I started visualizing G’s emotional releases like pulling weeds. Carefully taking hold of her focus, trying to find the stem cause, and then teasing it out to see if we could get access to the deepest roots. Not only were we working on the issue at hand, we were also making space for sunlight to hit the plants we wanted to grow.
Before driving to school, G found her old car seat in the garage and asked to ride in it. We had struggled over the same issue the day before, and I got angry. This time I did the weed-work, yielding a conversation all the way to school, the crux of which was summed up in one sentence: “I miss my baby life.”
In retrospect, it seemed easy to put the old car seat in the car and observe the results. G quickly found out it was not as comfortable as she expected. When I started asking gentle questions about what the car seat meant to her, she burst out, “I wan to stop having seems [nursing], but I feel like I can’t!

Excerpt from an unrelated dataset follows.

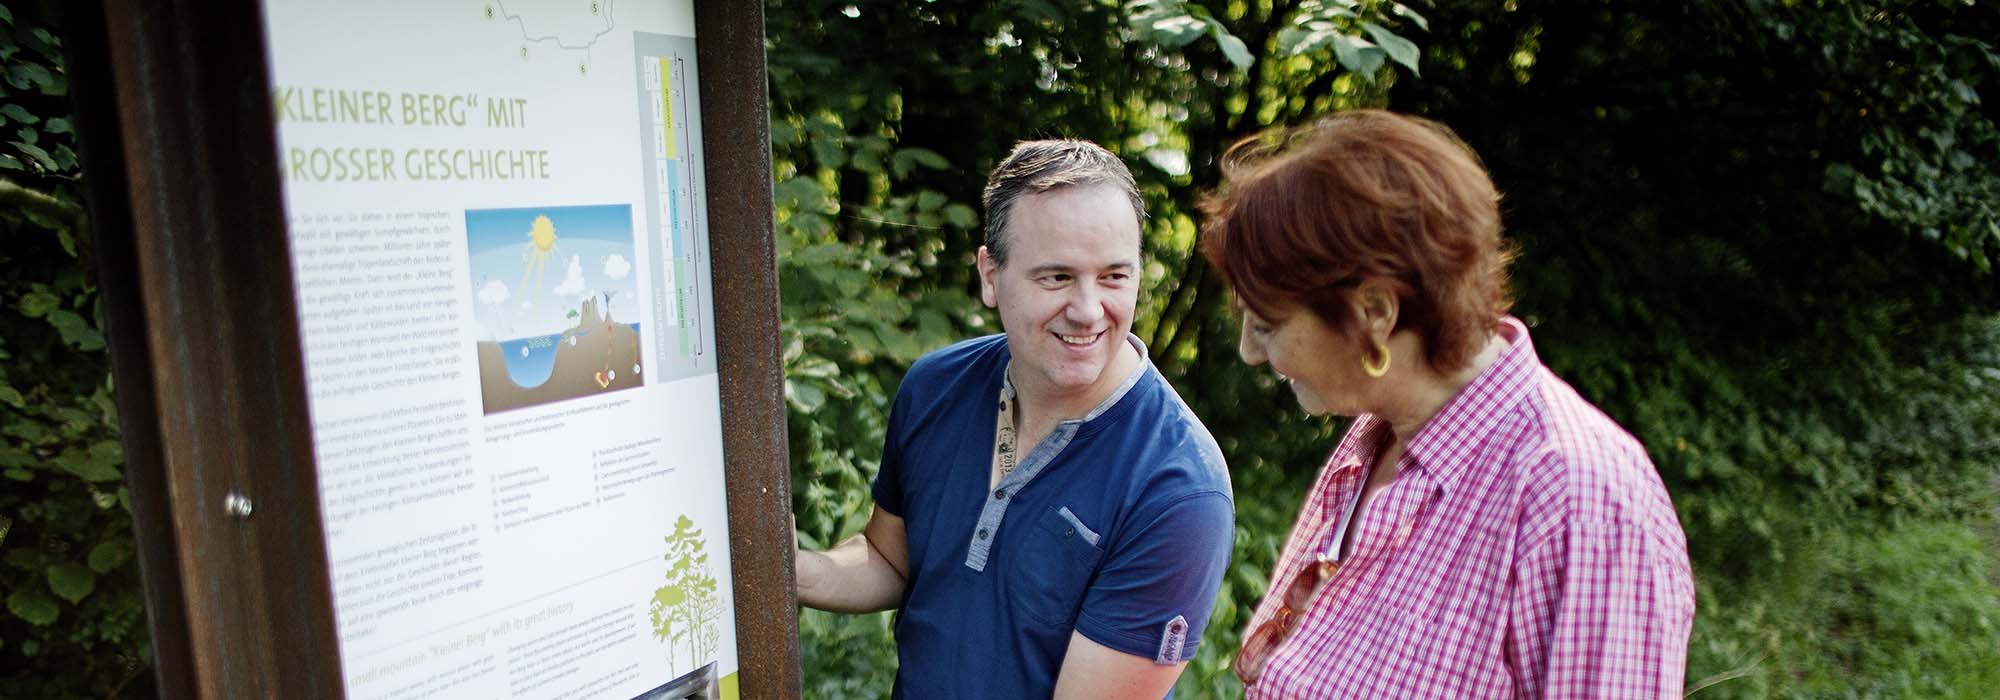 Ein Mann und eine Frau stehen vor einer Informationstafel im Grünen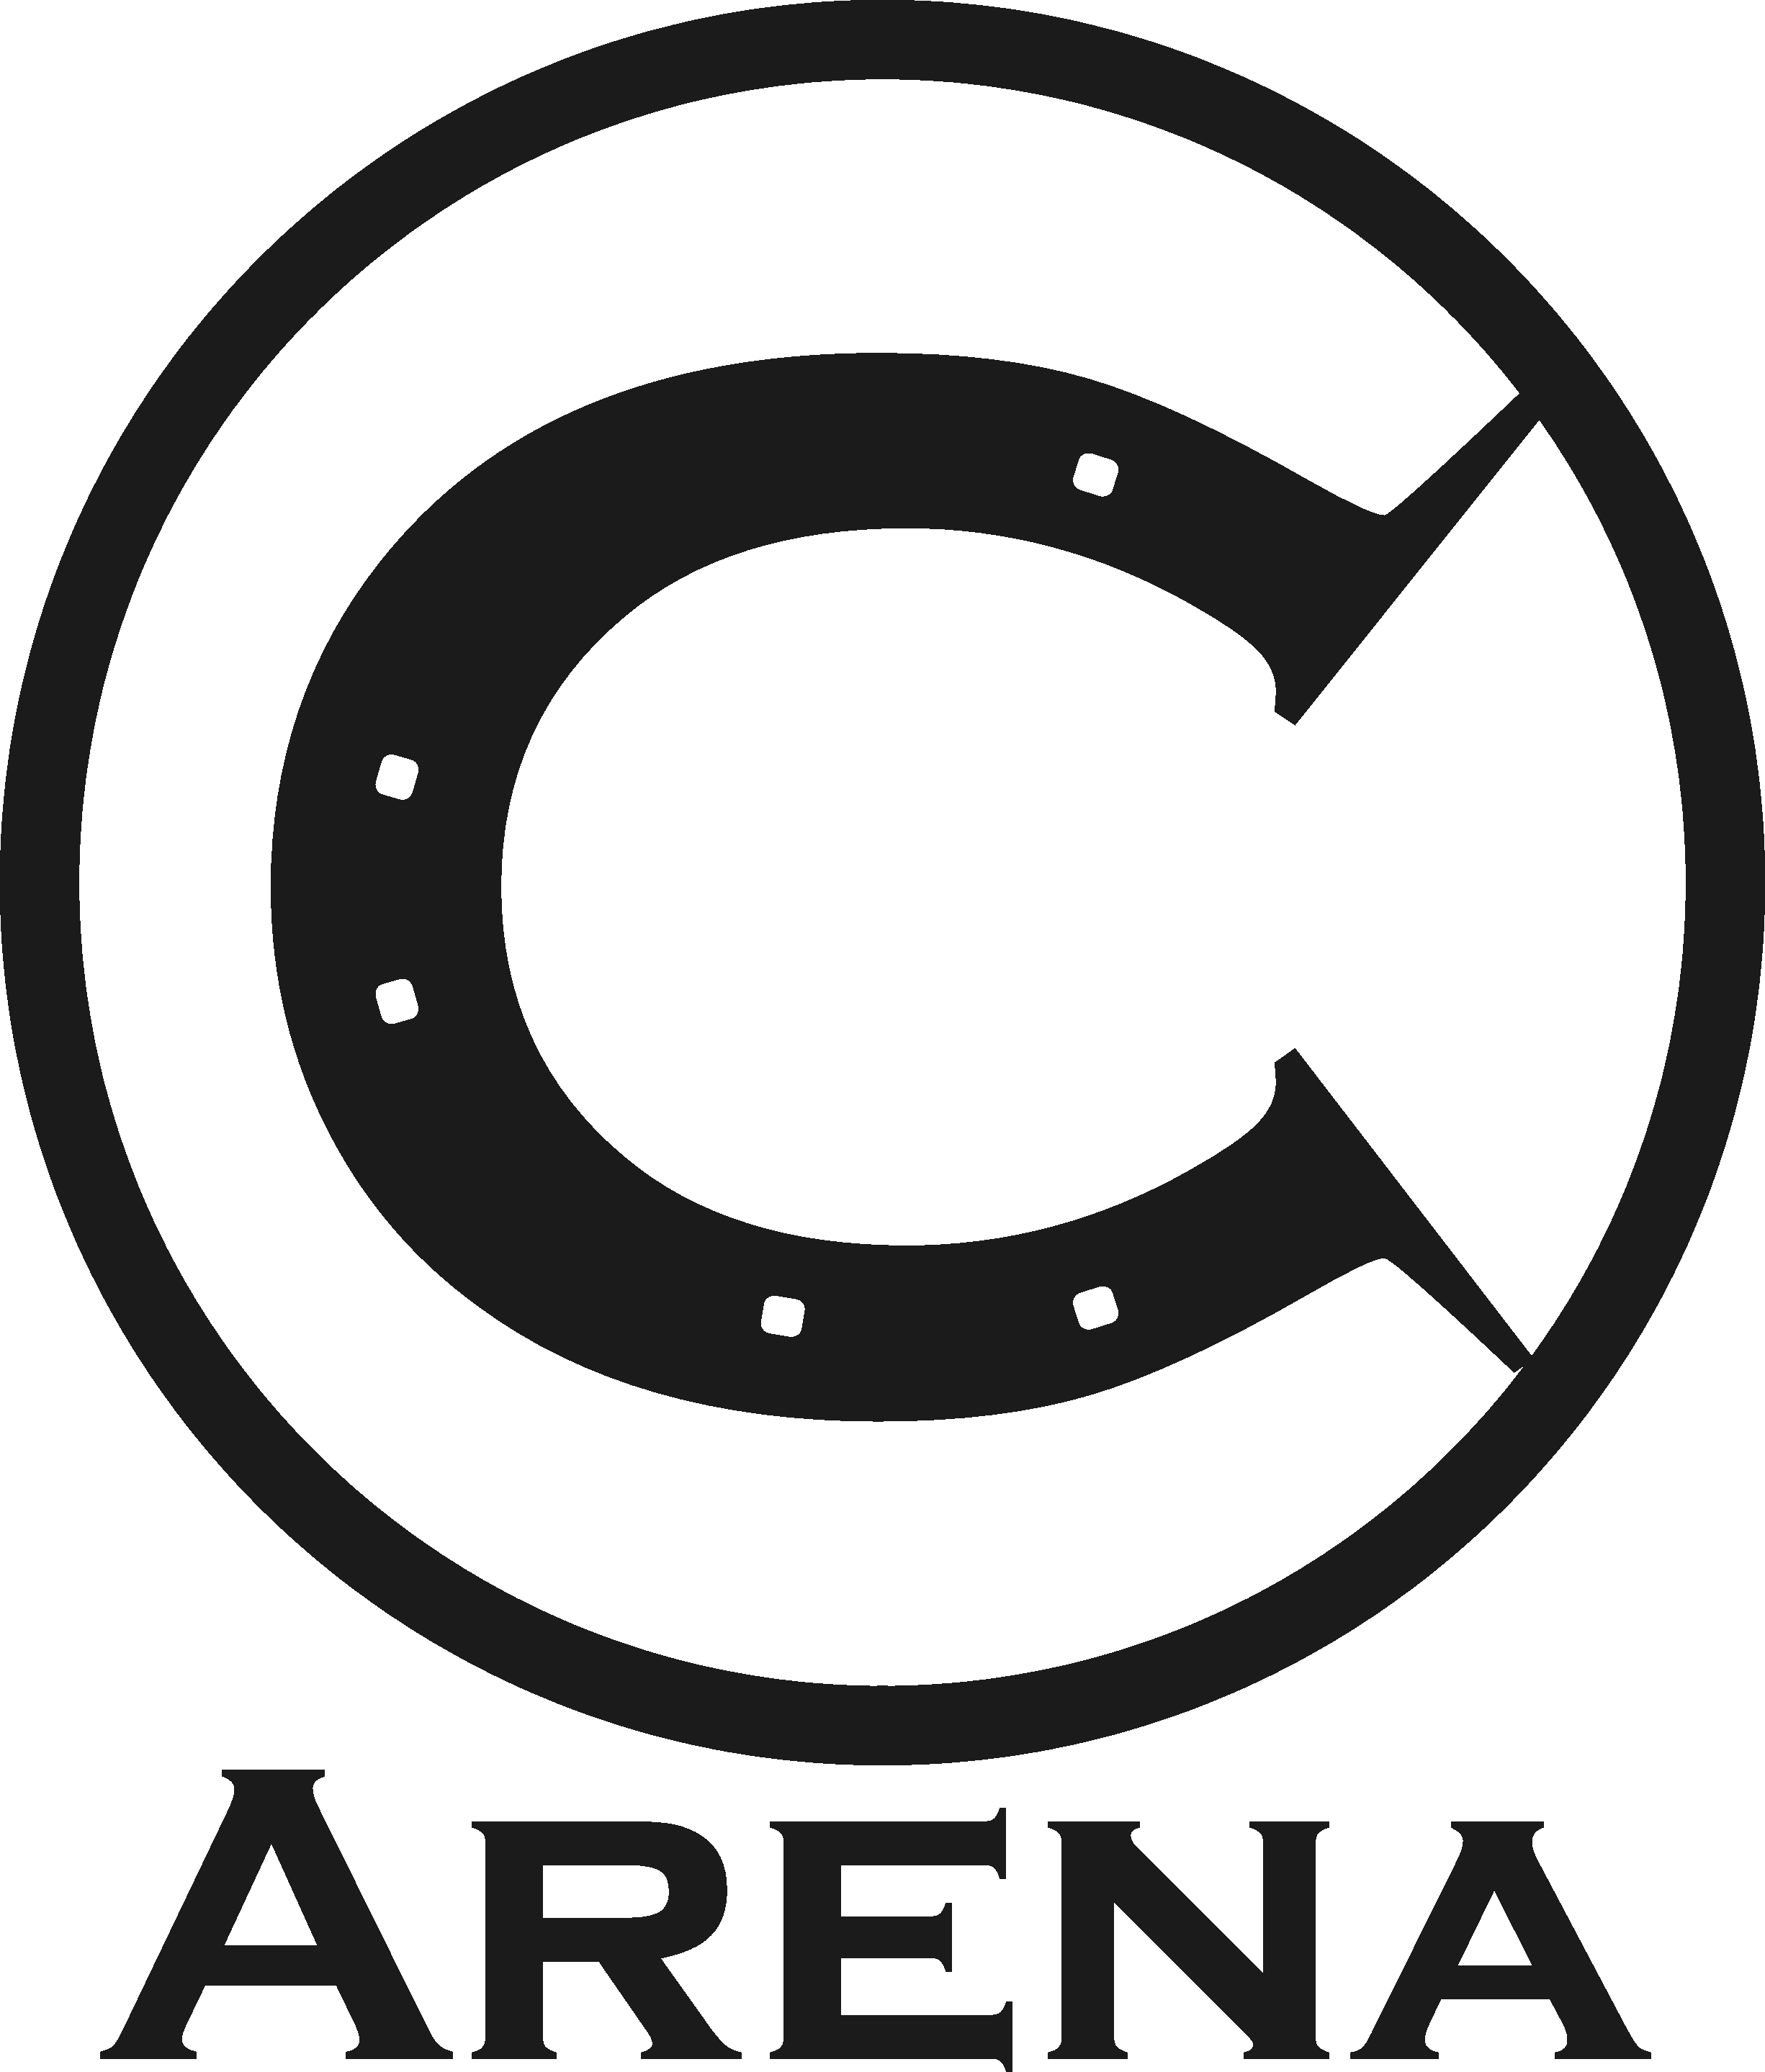 Circle C logo

I would weally miss my ni-time ones.” We talked about her sadness. “I weally loved my baby life, but I’m finking dat gwowing up might be weally good, too.” Growing up might be really good too. The mix of promise and fear; I knew it well.
We discussed strategies for the morning, thereby getting down to just one nursing per day. Maybe craft supplies? “Maybe if you get pompoms, popsicwle sticks, gwitter gwue, an’ stickows, I’ll do a project forst ting in da moanin’. Dat might woak.” Glitter glue and stickers… that might work.
While G was in class, I drove around town running errands and selecting some craft materials. I purchased a large white tray and an assortment of supplies, deciding to present a general idea for G to find downstairs when she woke up the next morning. The first day, she jumped out of bed with enthusiasm. “Hey! Look, Papa! Dis is my magic pwoject and dis is my magic tway!”
We went three nights without nursing, and the Magic Tray was such a success that G wanted to get up earlier and earlier for it. One morning she got up to go to the bathroom at 4:30AM, and rather than turning back to bed, trotted down the dark stairs, braver than ever. I heard her talking to herself: “Is da magic tway out yet?”
Soon I discovered that she wanted this craft time to be for both of us, as the mimmis were. I loved that we might have found a tender way to cross this bridge. Adjusting my nighttime routine, I set up the Magic Tray, emptied the dishwasher, and prepared the kettle with a tea bag in my mug so I could sit down on one of her mini chairs and create, too.
Just in time for a setback. Cough. Cold. Fever. No school. I abandoned weaning efforts. A week later we were back on track, but bedtime remained a challenge. “Mama, I’m gonna be filled wif sad-mess to say goodbye to da mimmis.”